(diverting to www-talk, too...)
On 11 Feb 2009, at 01:20, Mark Nottingham wrote:
> Yeah, I'm not completely happy with it yet. The thought was that
> since blank lines don't introduce ambiguity here, they're not
> harmful. OTOH one of my goals for the format is to allow existing
> HTTP header and MIME parsers (e.g., in Python) to be used on the
> format, and they very well may barf on a blank line.
Well, they'll barf on blank lines and declare the header over;
changing that within the parser (or just restarting it on the rest of
the file) should be relatively cheap.
BTW, I notice that this draft is silent on the HTTP header syntax's
combining feature for multiple occurences of the same field (last
paragraph of 4.2, RFC 2616); I suspect that to be one of the more
likely causes for surprises if HTTP header parsers are re-used. (No
such risk with MIME parsers.)
Finally, why disallow whitespace stuffed folding? It's pretty useful
to make long lines editable, and I suspect that we're assuming /host-
meta to be the product of some human with emacs in their hands. ;-)
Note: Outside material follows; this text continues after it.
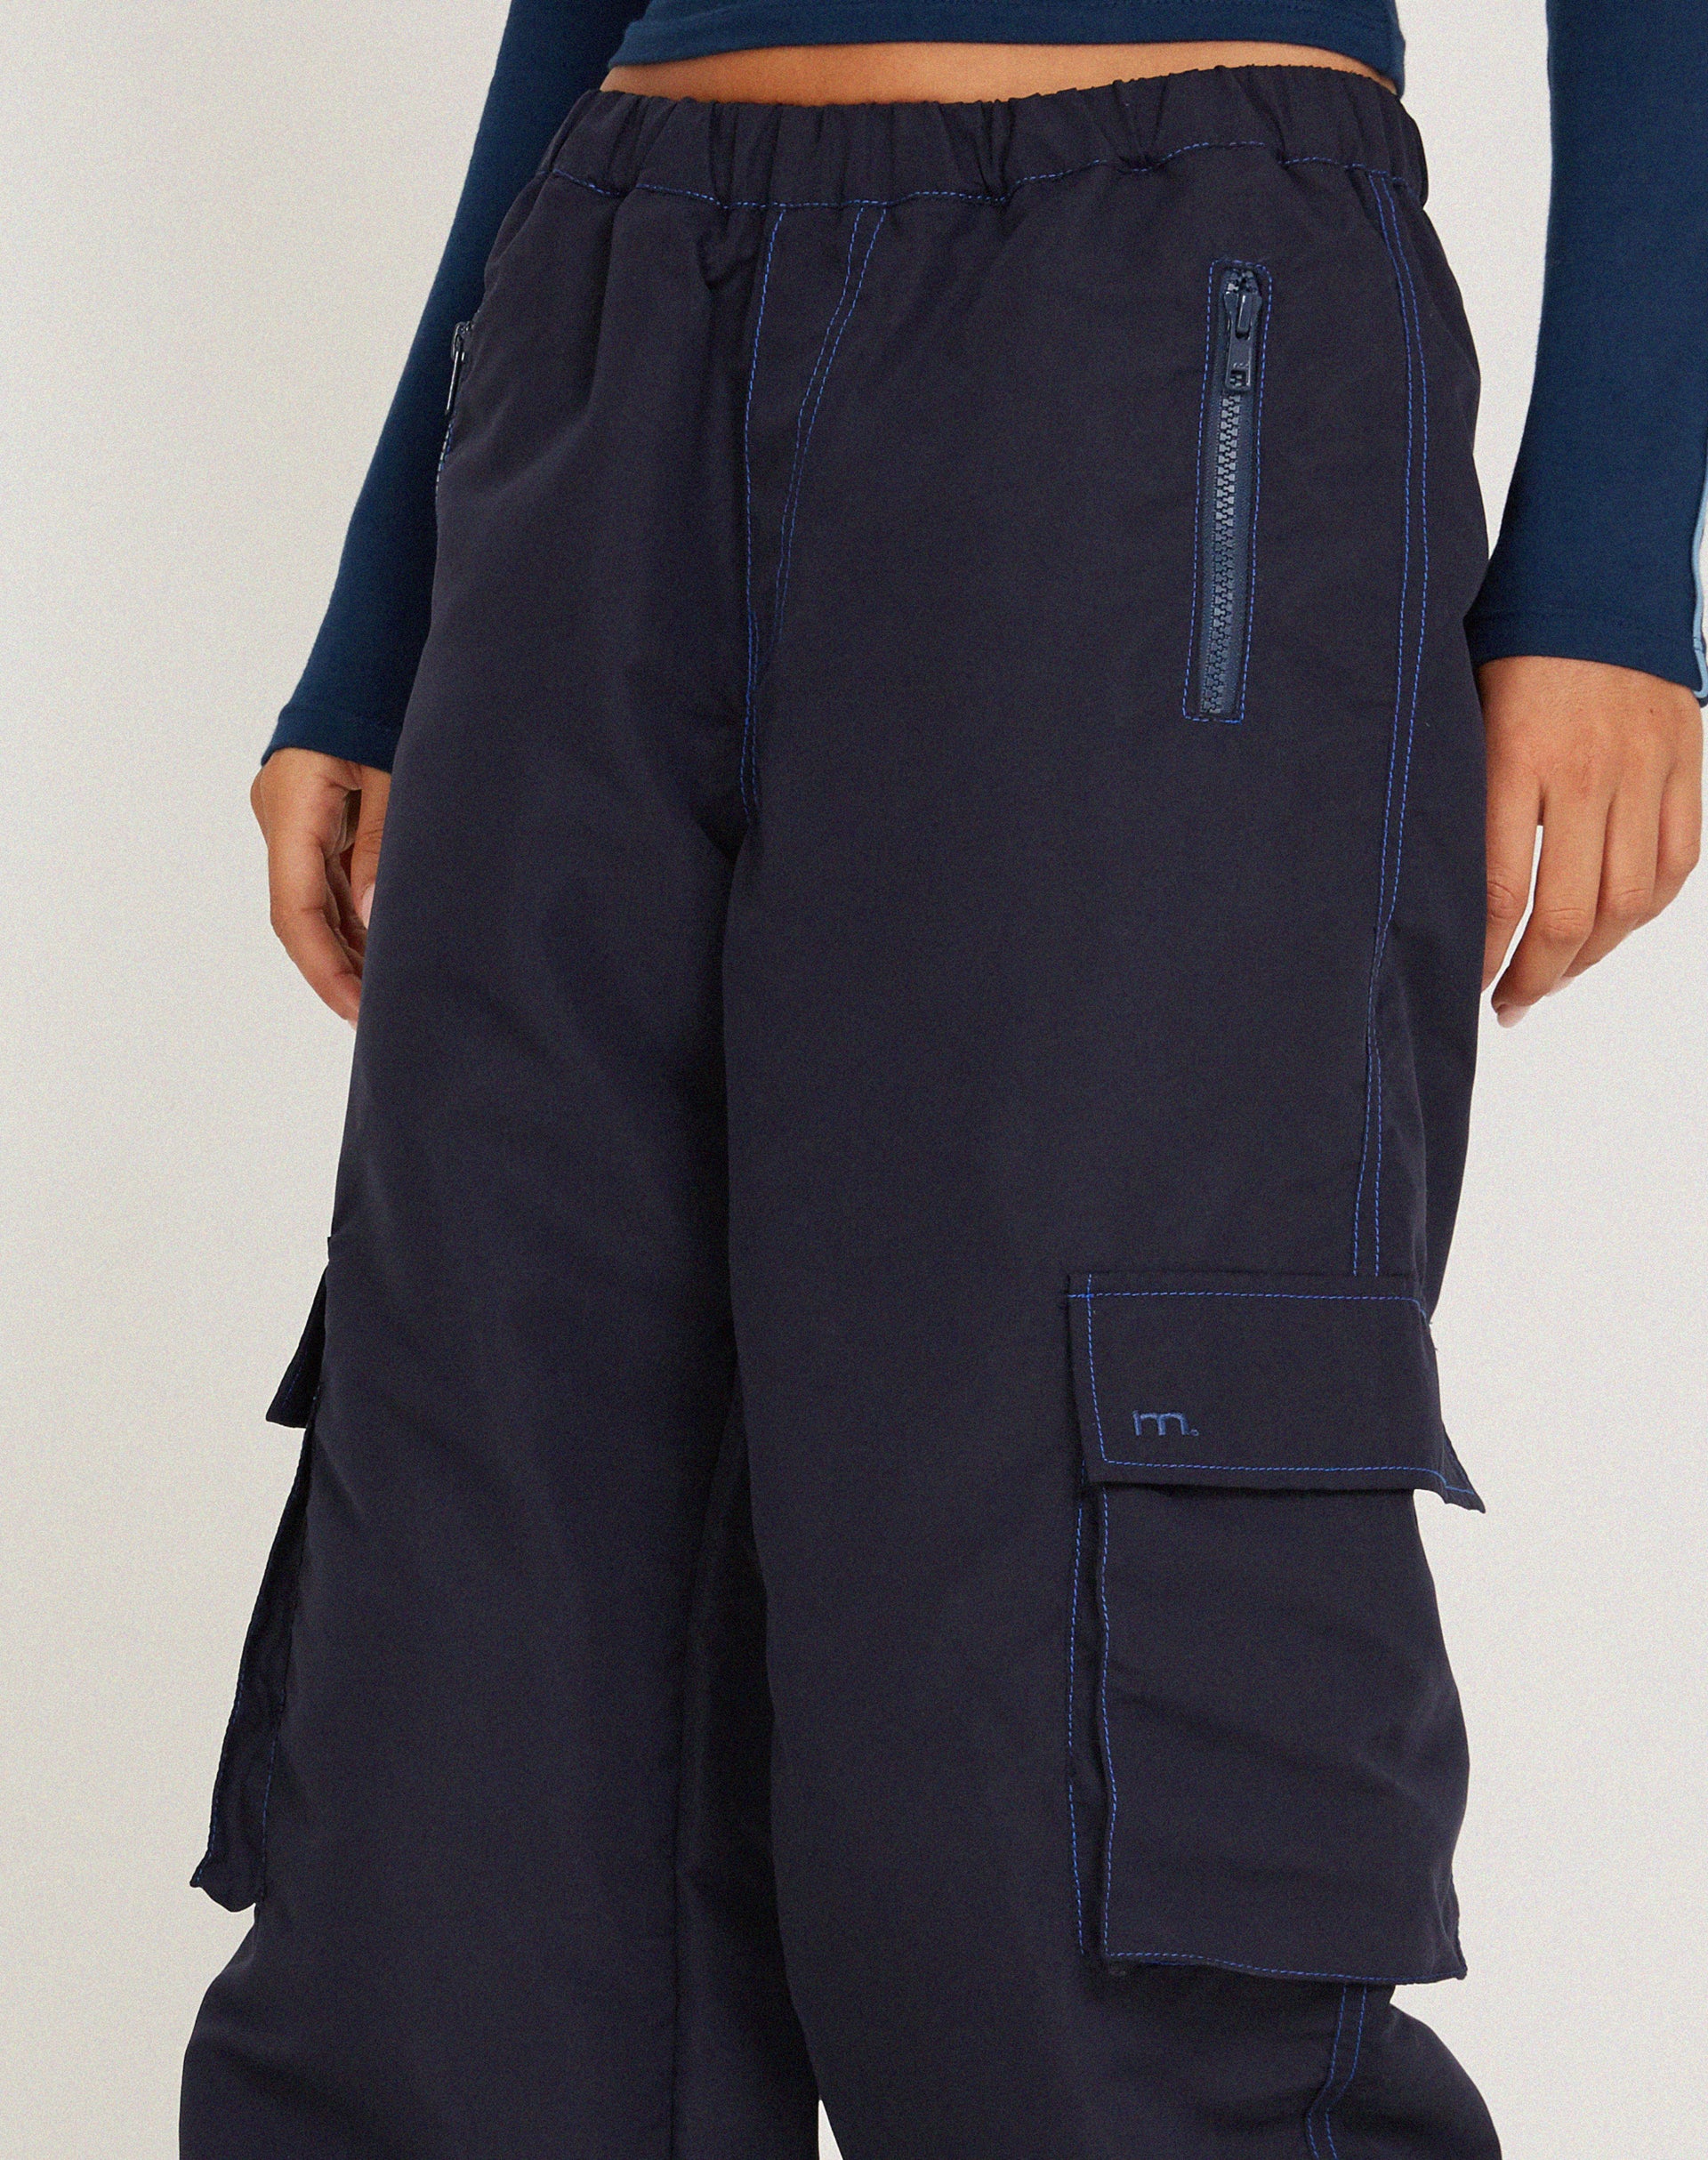 image of Oriells Cargo Trouser in Navy Top Stitch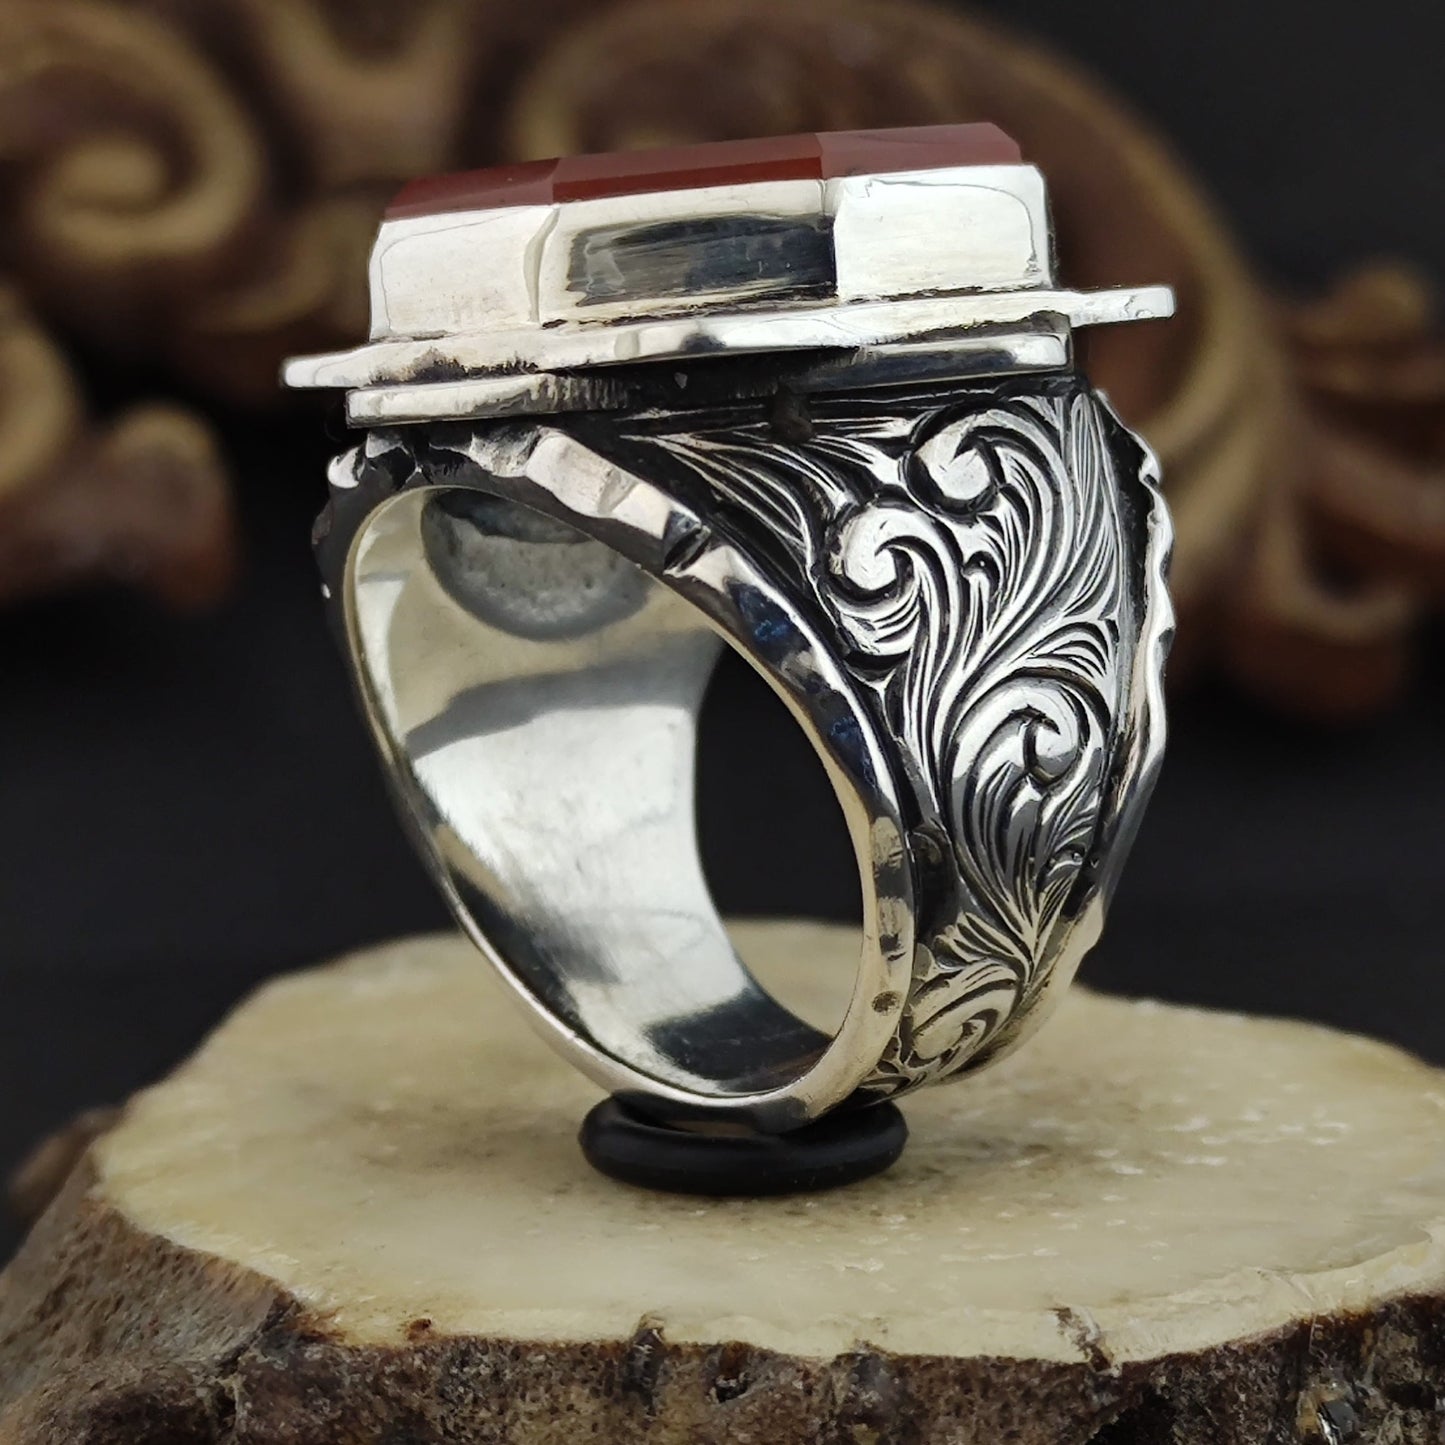 The ring worn by Osman in the TV series Establishment Osman, Double-headed eagle carving with the Seljuk coat of arms on agate stone.

Implementing it is easy, and a given if existing parsers are used.
> So, the right thing to do might be to explicitly disallow them, both
> in BNF and prose. Eran, thoughts?
I'd just prefer to not have the BNF say "no empty lines", and then
have prose that says the opposite, but with a SHOULD.
>>> 5. Minting New meta-fields
>>
>>> Applications that wish to mint new meta-fields for use in the
>>> host- meta format MUST register them in the host-meta field-
>>> registry, following the procedures in Section 7.2. Field-names
>>> MUST conform to the field-name ABNF Section 3, and field-value
>>> syntax MUST be well- defined (e.g., using ABNF, or a reference to
>>> the syntax of an existing header field-value). Field-values SHOULD
>>> use the ISO-859-1 character encoding. If a field-value applies to
>>> a scope other than the entire authority, that scope MUST be well-
>>> defined.
>>
>> Editorial nit: ISO-8859-1 is missing an 8 here.
>
> That one always gets me, thanks.
>
>> More substantially, is there any particular reason to not just go
>> with utf-8 here? After all, the content type is *appplication*/
>> host-meta anyway.
>
> Same as above; allowing existing parsers and serialisation libraries
> to be used. That said, there have been many arguments in HTTPbis
> that existing libraries won't harm non-ASCII characters in transit,
> but IIRC no one has actually gone out and surveyed what they do...
That suggests that it's a coin toss, unless the mythical "someone"
does that work. May I, in that event, suggest that we use a coin
biased in favor of broader internationalization, i.e., UTF-8?